Bir Genel Seçim daha geçti. Oyunuzu kullandınız veya kullanmadınız. Sonuçtan memnunsunuz veya değilsiniz. Ama sizin için, ülke için nelerin değiştiğini biliyor musunuz?

Tarihin ilk çağlarından itibaren yöneticilerin, yönetimde bağlı oldukları kurallar ve kurumlar vardır.

Türklerde temel kuralları oluşturan “Töre” hiçbir zaman çiğnenemez. “Töreye aykırıdır” dendiği zaman akan sular durur.

Devlet Başkanı konumundaki “Kağan’ın” yanında “Kurultay”, “Kam- Ehil kişi” yer almaktadır. Bu, toplu karar almaya gösterilen önemi göstermektedir.

Türk İmparatorluğu (Osmanlı İmparatorluğu)’nun kuruluş yıllarından itibaren “Bey, Han” veya “Sultan” yanında tam yetkili “Vezir’ler” vardır. İmparatorluğun büyümesi ile “Padişah’ın” yanında “Vezir’ler-Bakan’lar Kurulu” ve “Veziri Azam, Sadrazam” denilen “Başbakan’lık” oluşmuştur.

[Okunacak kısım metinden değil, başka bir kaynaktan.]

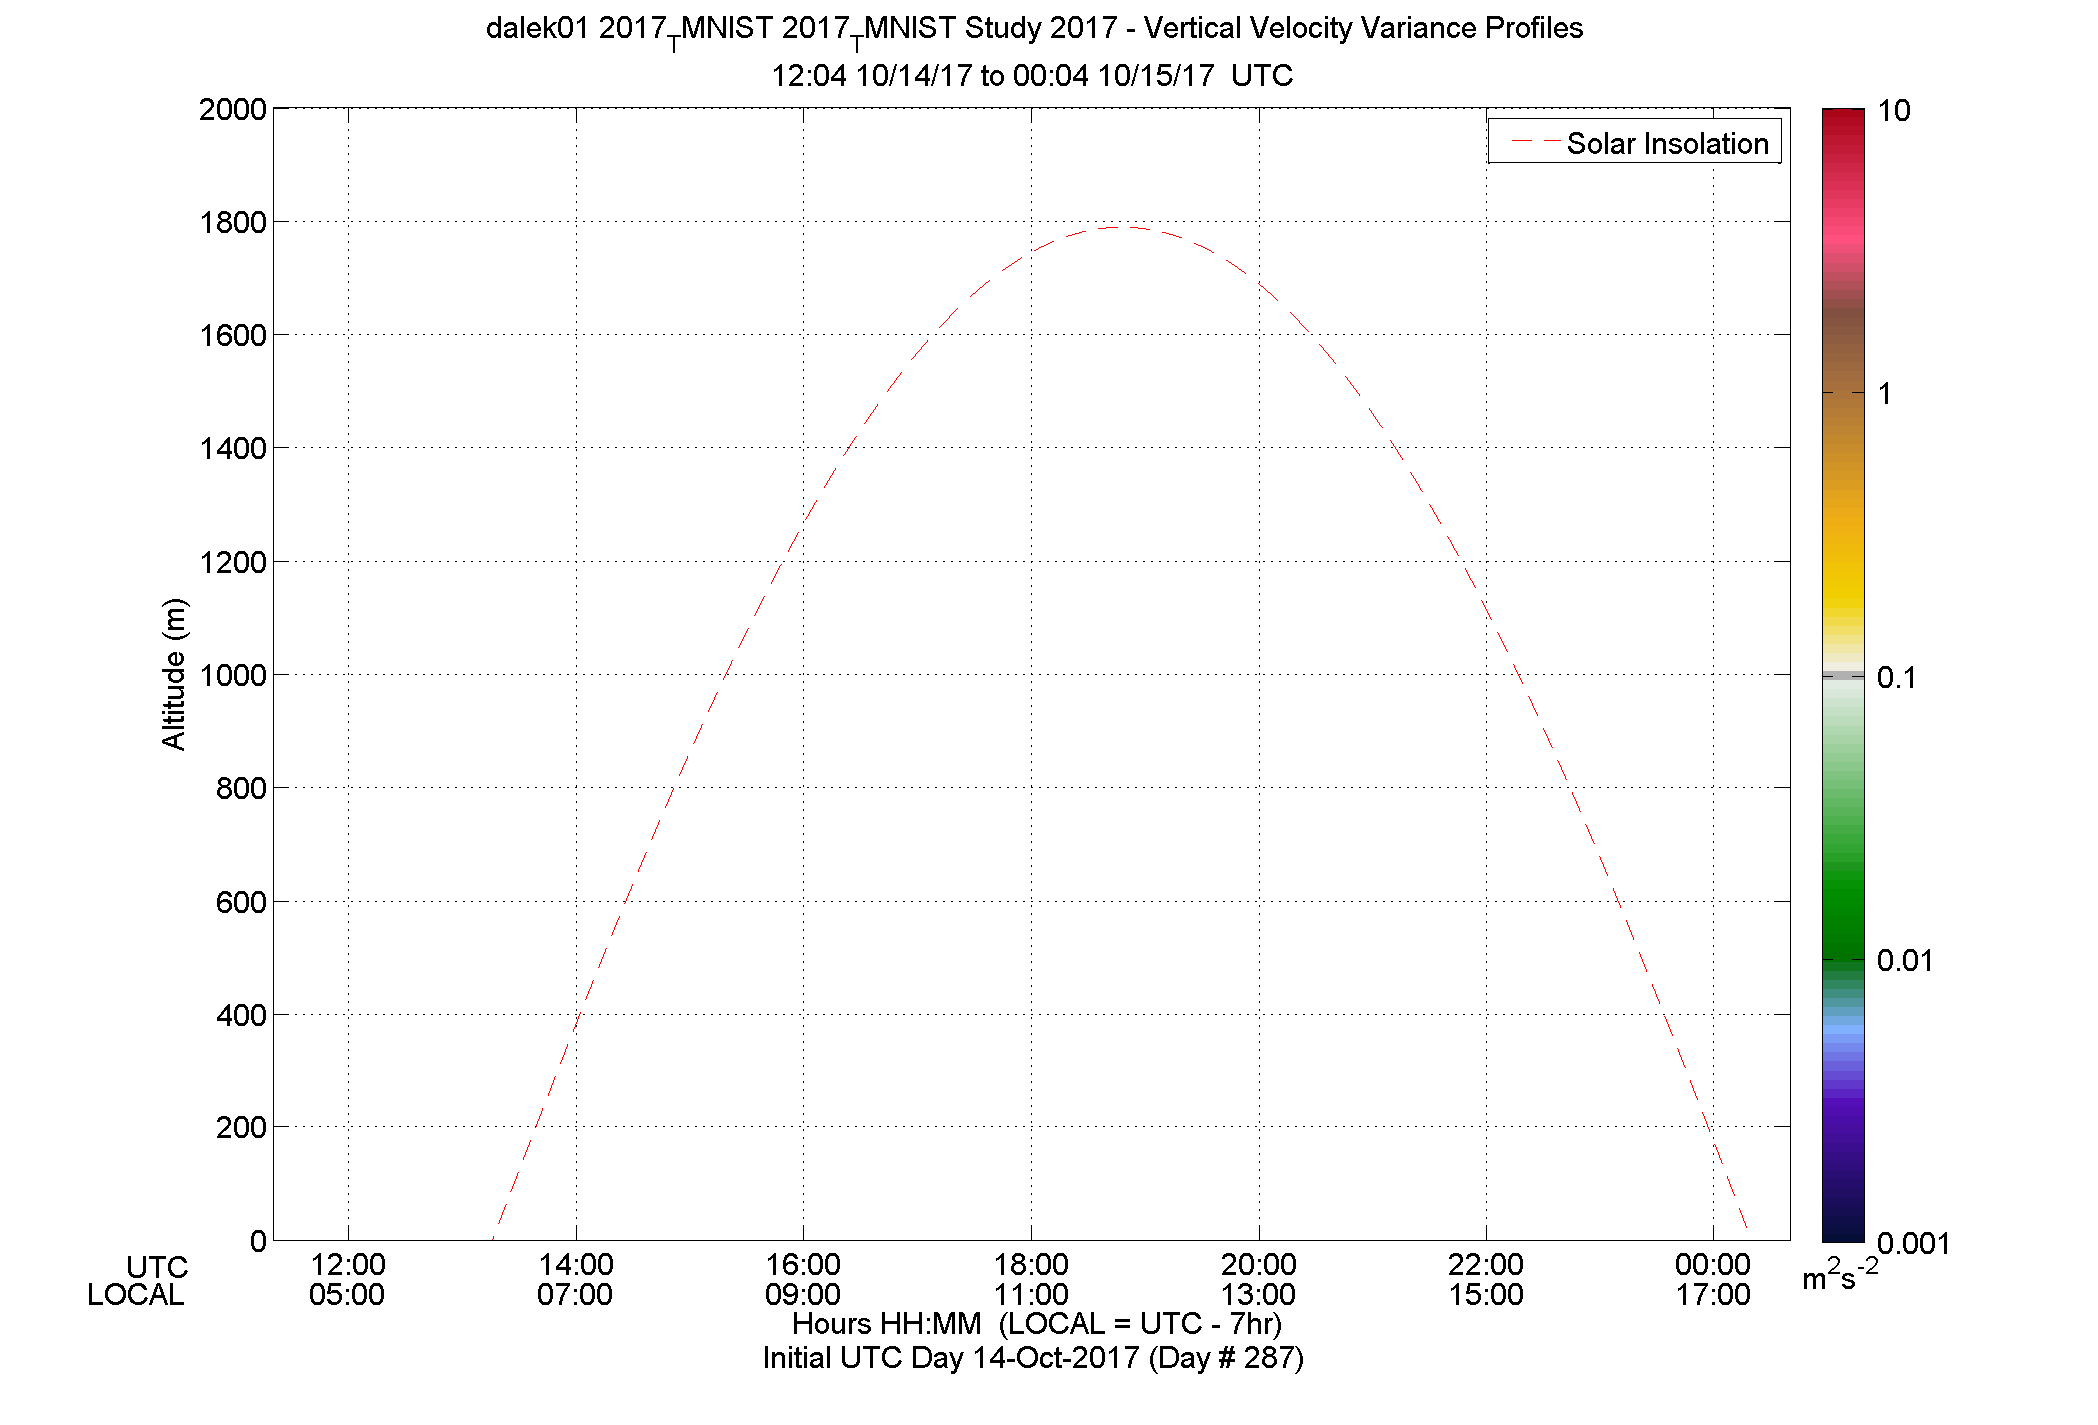 DALEK vertical variance profile - October 14 pm

Daha Cumhuriyet kurulmasından önce, Meclis’in ilk açıldığı yıllarda “İcra Vekilleri Heyeti Başkanı” yani Başbakan vardır ve Meclis’e karşı sorumludur. Cumhuriyetin ilanı ile birlikte “Cumhurbaşkanı, Başbakan, Bakanlar Kurulu, Meclis” birlikte görev yapmaktadırlar.

Yaşadığımız günlerin ve seçimin sonucu; yüzyıllara dayalı bu gelenek ve görenekler yıkılmaktadır. “Başbakanlık” tamamen kaldırılmakta, görev ve yetkileri tek bir kişide “Devlet Başkanı’nda” toplanmaktadır.

Bakanlar” seçimle gelen kişilerden değil tek bir kişinin tayini yani ataması ile bir nevi memuriyet konumuna getirilmekte, “Bakanlar Kurulu” bir “Genel Müdürlük” durumuna indirgenmektedir.

Cumhurbaşkanı yeni deyimi ile “Devlet Başkanı”, üst kademe devlet yöneticilerini “atama ve görevden alma” ile diplomatları görevlendirme yetkisine sahip olacaktır. Yani Bakanların, üst kademe devlet yöneticilerinin kaderleri, tek bir kişinin iki dudağı arasında olacaktır.

Bütçe Kanunu Meclis’de yapılmayacak, Cumhurbaşkanı, Bütçe Kanunu’nu kendisi yapacak, belli konularda ve belli sürelerle OHAL ilan edebilecektir.

Cumhurbaşkanı yeni tabiri ile Devlet Başkanı, tek imzası ile, yürütme yetkisine ilişkin kararnameler çıkarabilecektir.

Sayısı, yetkisi, sınırı belli olmayan “Cumhurbaşkanı Yardımcıları” kadrosu getirilmektedir. Yardımcılar için bir sayı sınırlaması bulunmamaktadır.

Bundan böyle Cumhurbaşkanı’na, TBMM Başkanı değil, Cumhurbaşkanı’nın atayacağı yardımcılarından biri “Vekalet” edecek ve Cumhurbaşkanı’nın tüm yetkilerini kullanabilecektir.

Şimdi, seçimi ve sonuçlarını bir tarafa bırakın. Anayasa’nın ve bu seçimin getirdiği bu değişiklikleri biliyor musunuz ve kabul ediyor musunuz. Lütfen onu düşünün ve söyleyin.